• _TASK INSTRUCTIONS_
Retype all data exactly as given. Pictures should not be retyped.

• _DATASET EXCERPT_

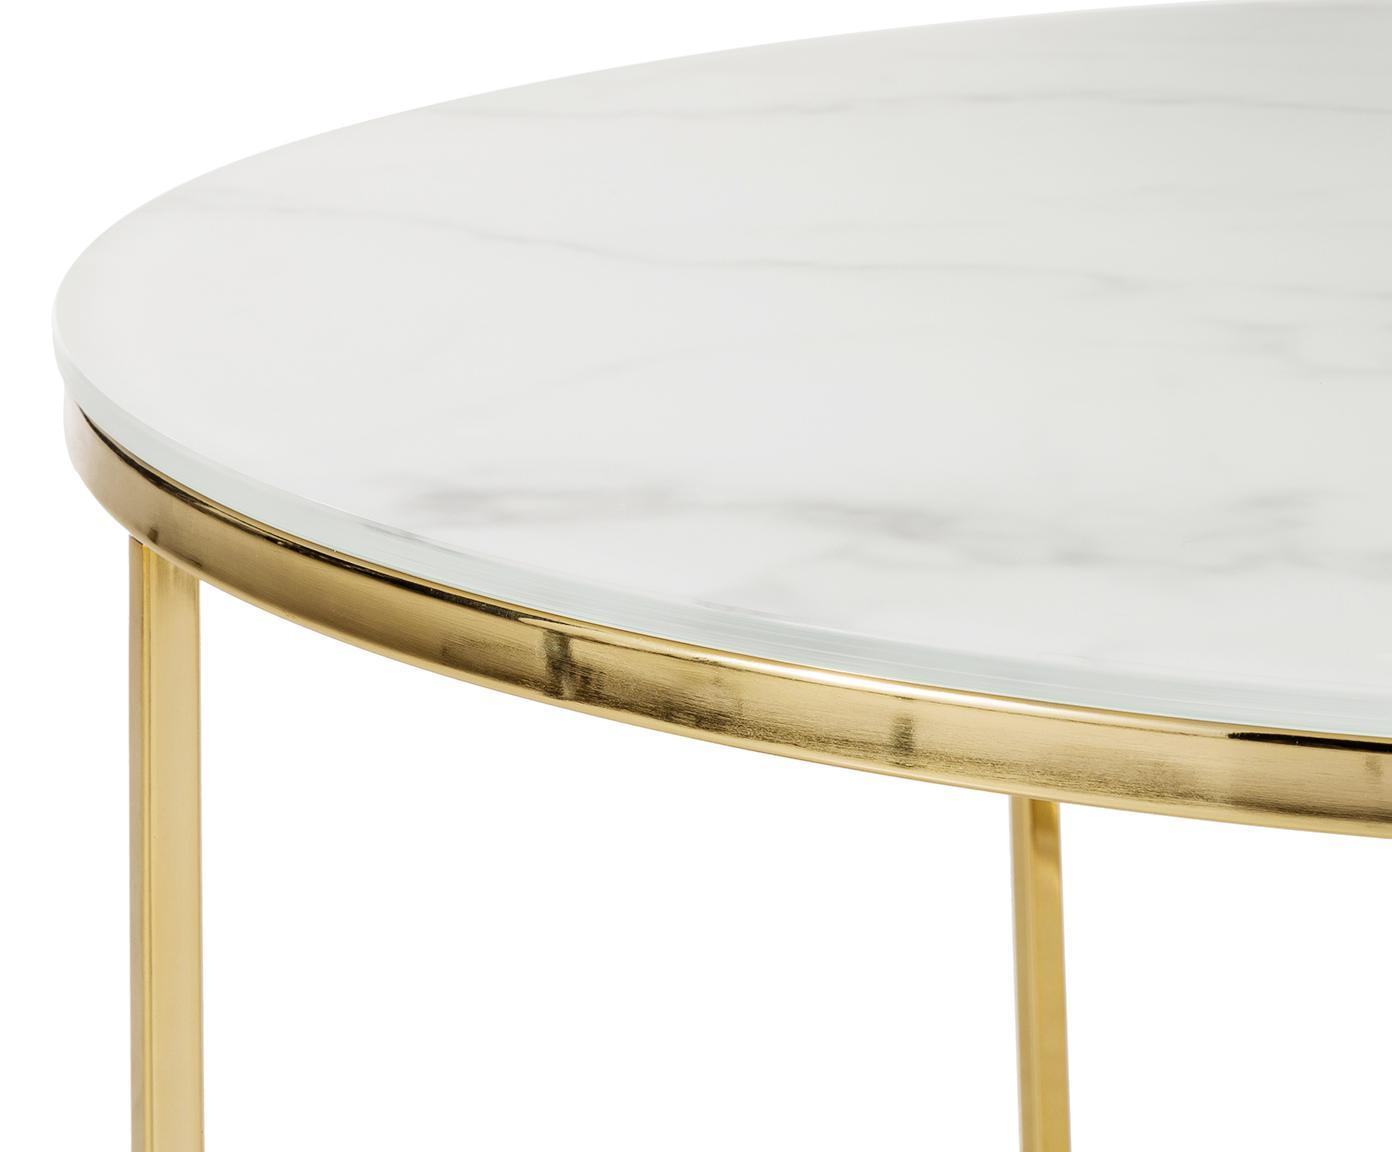 Stolik kawowy ze szklanym blatem Antigua, Blat: szkło, matowy nadruk, Stelaż: stal, mosiądzowany, Białoszary marmurowy, odcienie złotego, Ø 80 x W 45 cm
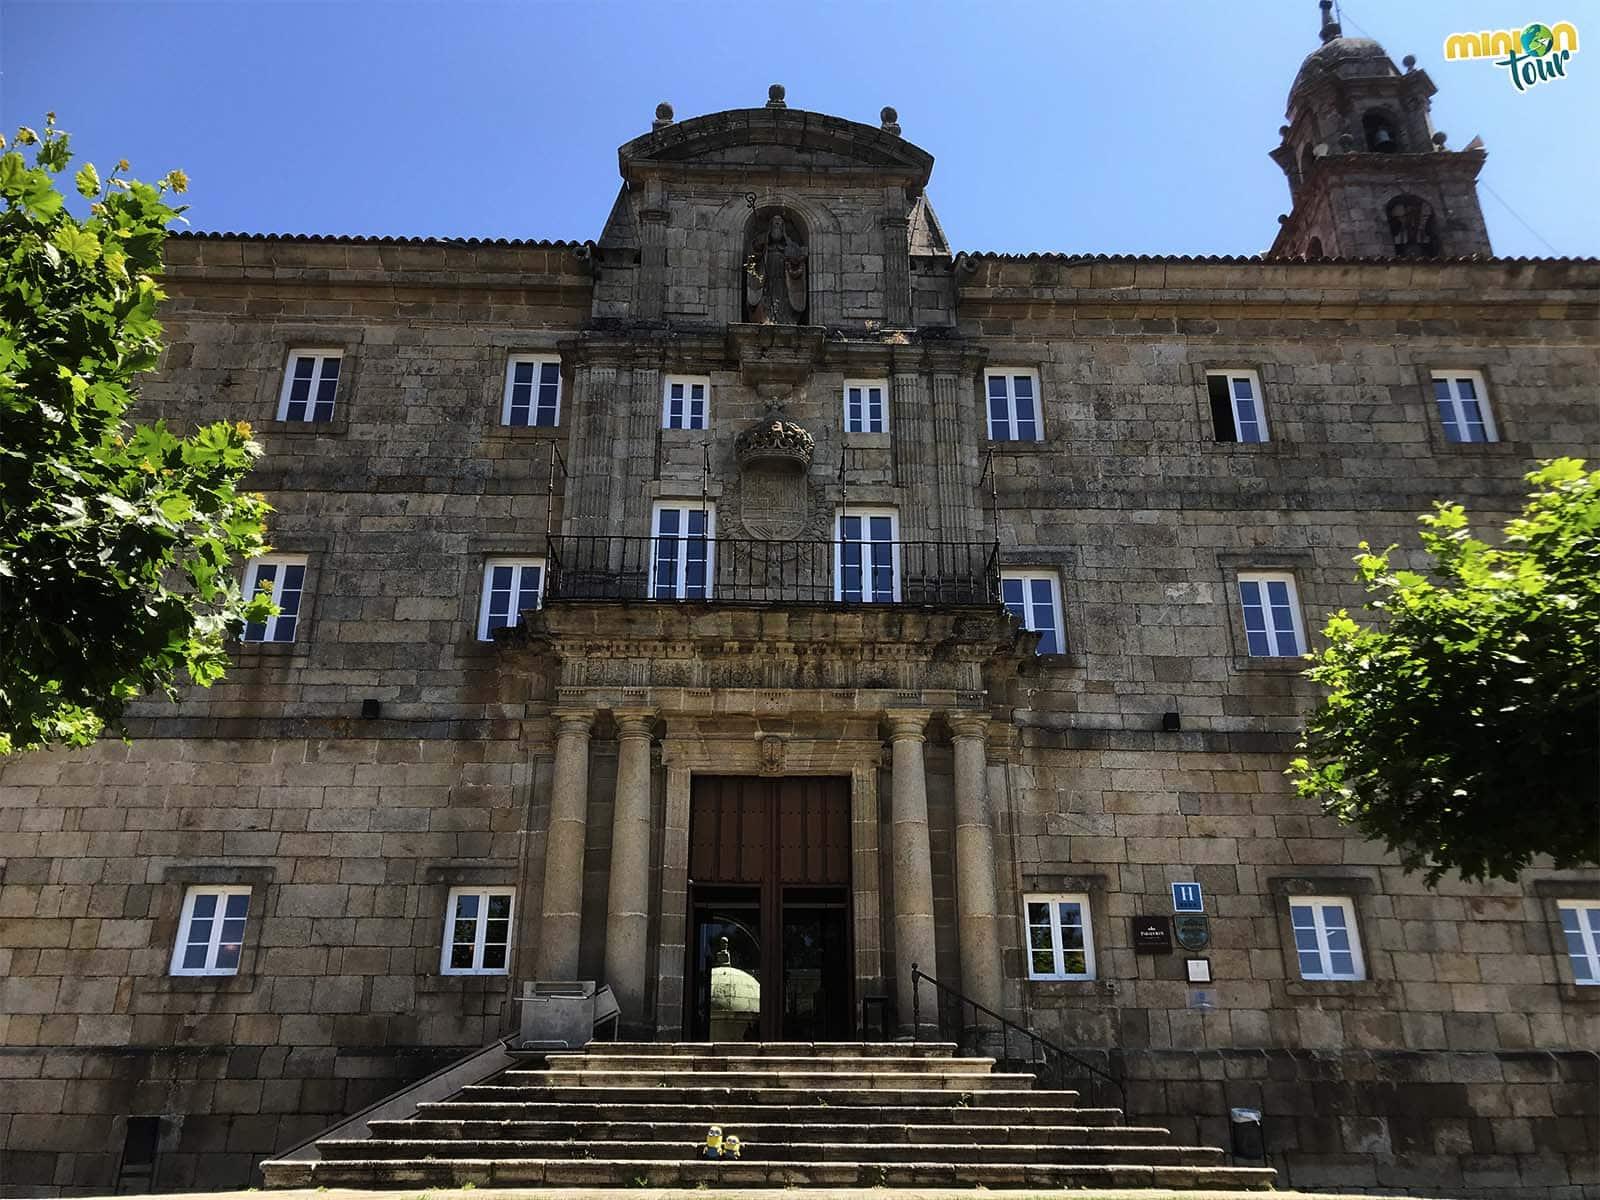 Qué ver en Monforte de Lemos, la capital de la Ribeira Sacra
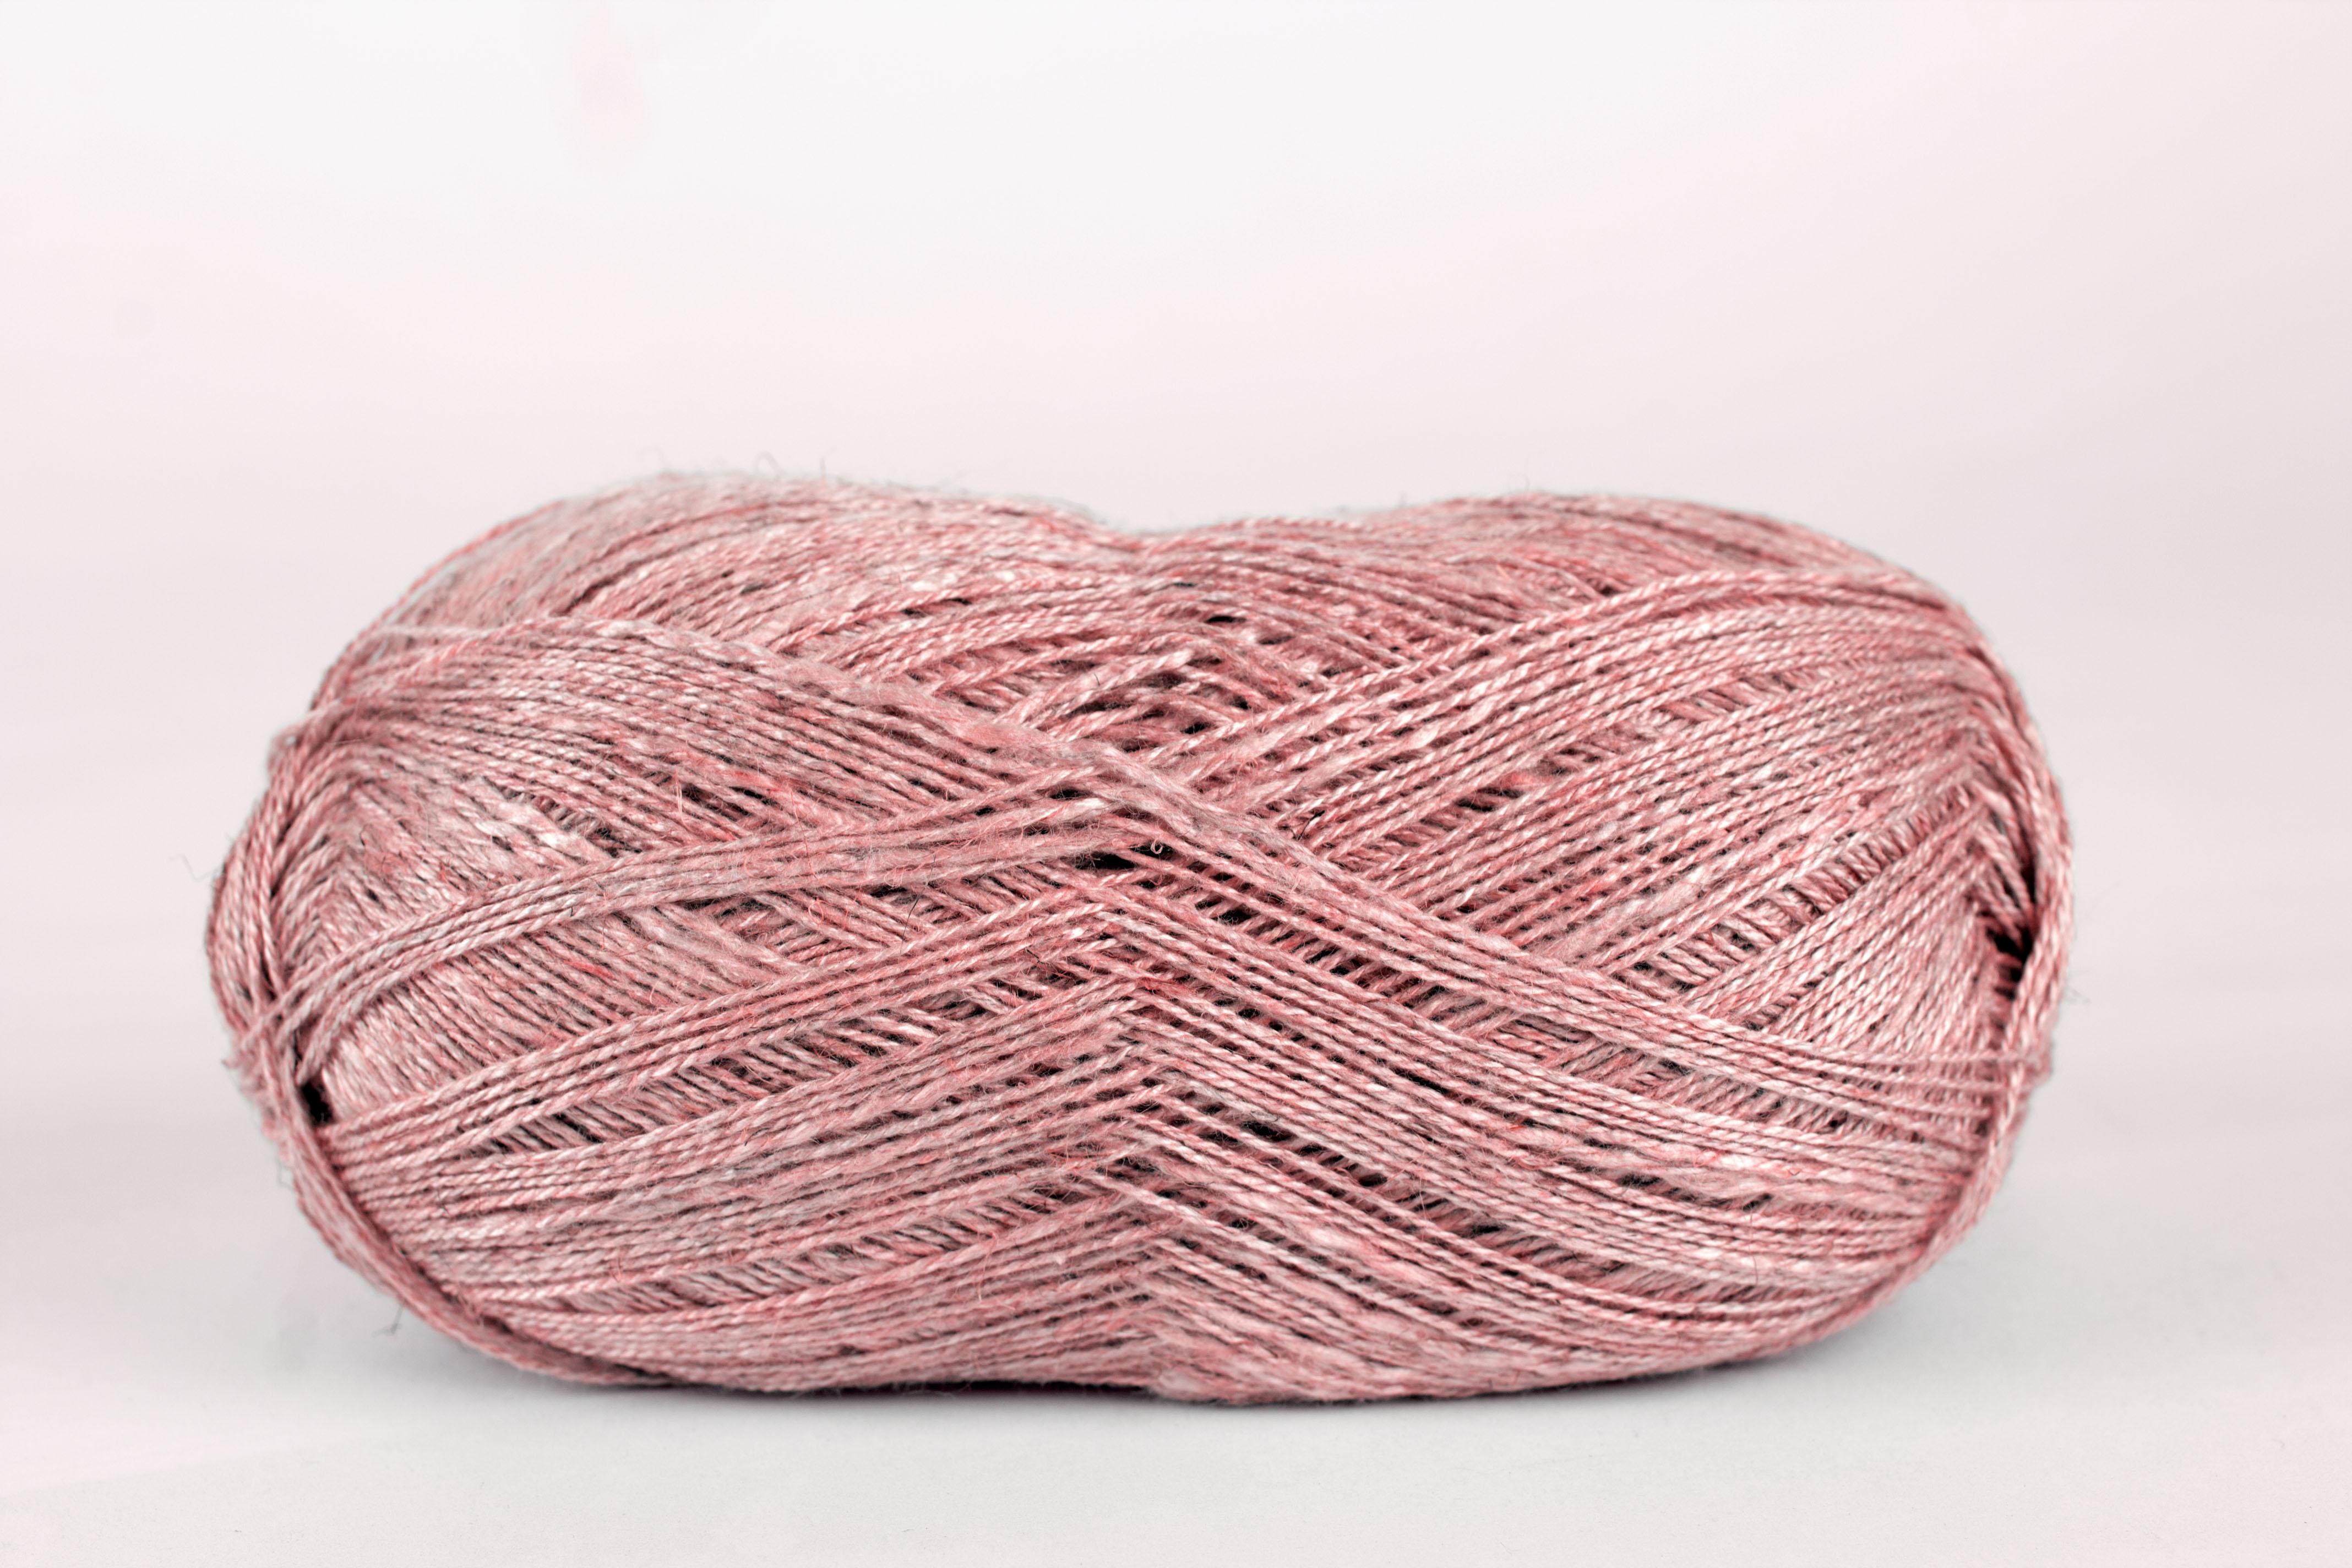 Résultats de recherche d'images pour «Borgo de pazzi fresco pink»

• _FINAL ANSWER_
 Stolik kawowy ze szklanym blatem Antigua, Blat: szkło, matowy nadruk, Stelaż: stal, mosiądzowany, Białoszary marmurowy, odcienie złotego, Ø 80 x W 45 cm
 Qué ver en Monforte de Lemos, la capital de la Ribeira Sacra
 Résultats de recherche d'images pour «Borgo de pazzi fresco pink»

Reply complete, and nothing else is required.